L’activisme anti-nucléaire du président Obama est parfaitement louable, même s’il est motivé aussi, entre autres, par le désir de justifier a posteriori son prix Nobel de la paix, dont l’obtention a suscité des réserves, et même une levée de boucliers un peu partout dans le monde. Cela dit, les inquiétudes du président américain de voir des armes de destruction massive tomber entre les mains de terroristes suicidaires sont légitimes et le sommet qui se penche actuellement à Washington sur ce gros problème est le bienvenu.
Seulement l’ordre du jour de ce sommet est biaisé. Tel qu’il est conçu et discuté, cet ordre du jour risque fort de faire du sommet sur la sécurité nucléaire une réunion d’amis qui se sont réunis pour bavarder un moment ensemble avant de se quitter pour s’occuper chacun de ses tâches routinières. Les deux sujets fondamentaux qui manquent à l’ordre du jour du sommet de Washington sont les sources du terrorisme dans le monde et la question nucléaire israélienne.
C’est bien de tenter de sécuriser les armes nucléaires de manière à ce qu’elles ne tombent jamais entre les mains de fanatiques suicidaires. Mais c’est encore mieux de remonter jusqu’aux racines du phénomène du terrorisme : l’injustice, la misère et l’ignorance.

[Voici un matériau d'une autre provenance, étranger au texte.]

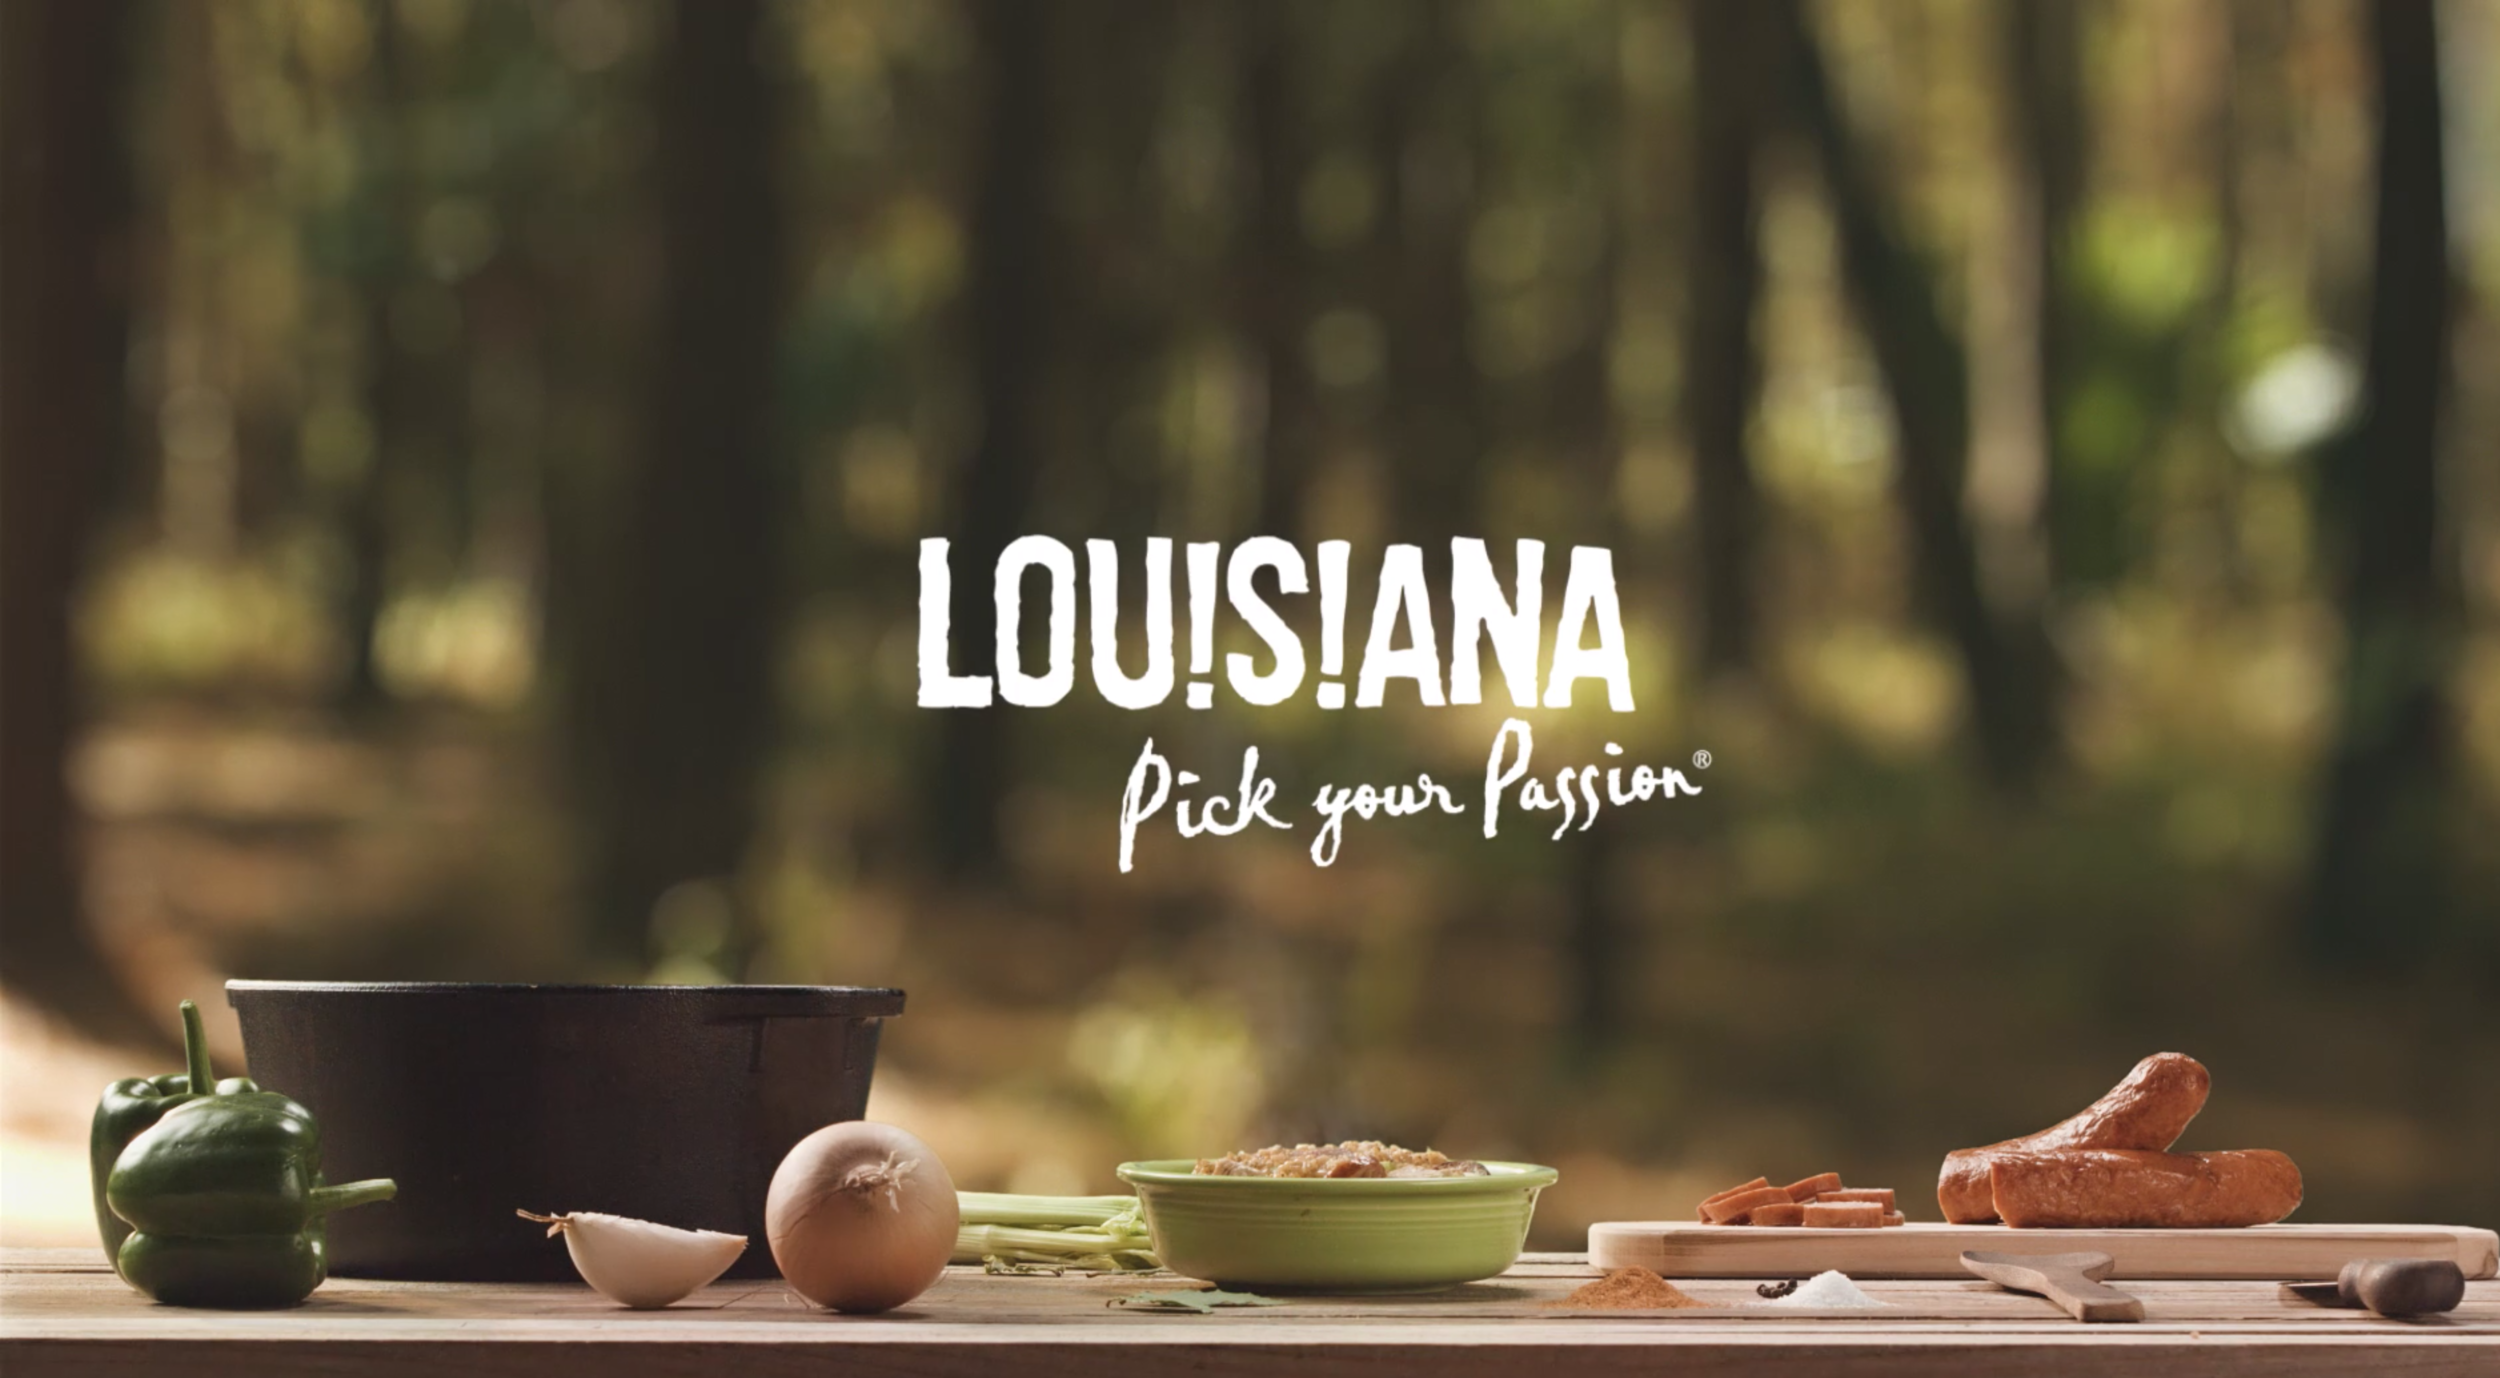 Louisiana Recipes End Card

Et cet aspect fondamental est totalement ignoré par le sommet de Washington.
D’un autre côté, et c’est une question de crédibilité, le sommet ne peut pas à la fois pointer du doigt le « danger » que représentent des pays qui ne possèdent aucune arme nucléaire et qui, de surcroît, sont signataires du TNP, et ignorer le vrai danger que représente le seul pays détenteur d’armes de destruction massive dans la région et qui, de surcroît, refuse obstinément depuis quatre décennies de signer le traité de non prolifération. Car si Washington ne voit aucun problème dans la détention par Israël de centaines d’ogives nucléaires, des centaines de millions d’Arabes et de musulmans sont d’un avis un peu différent.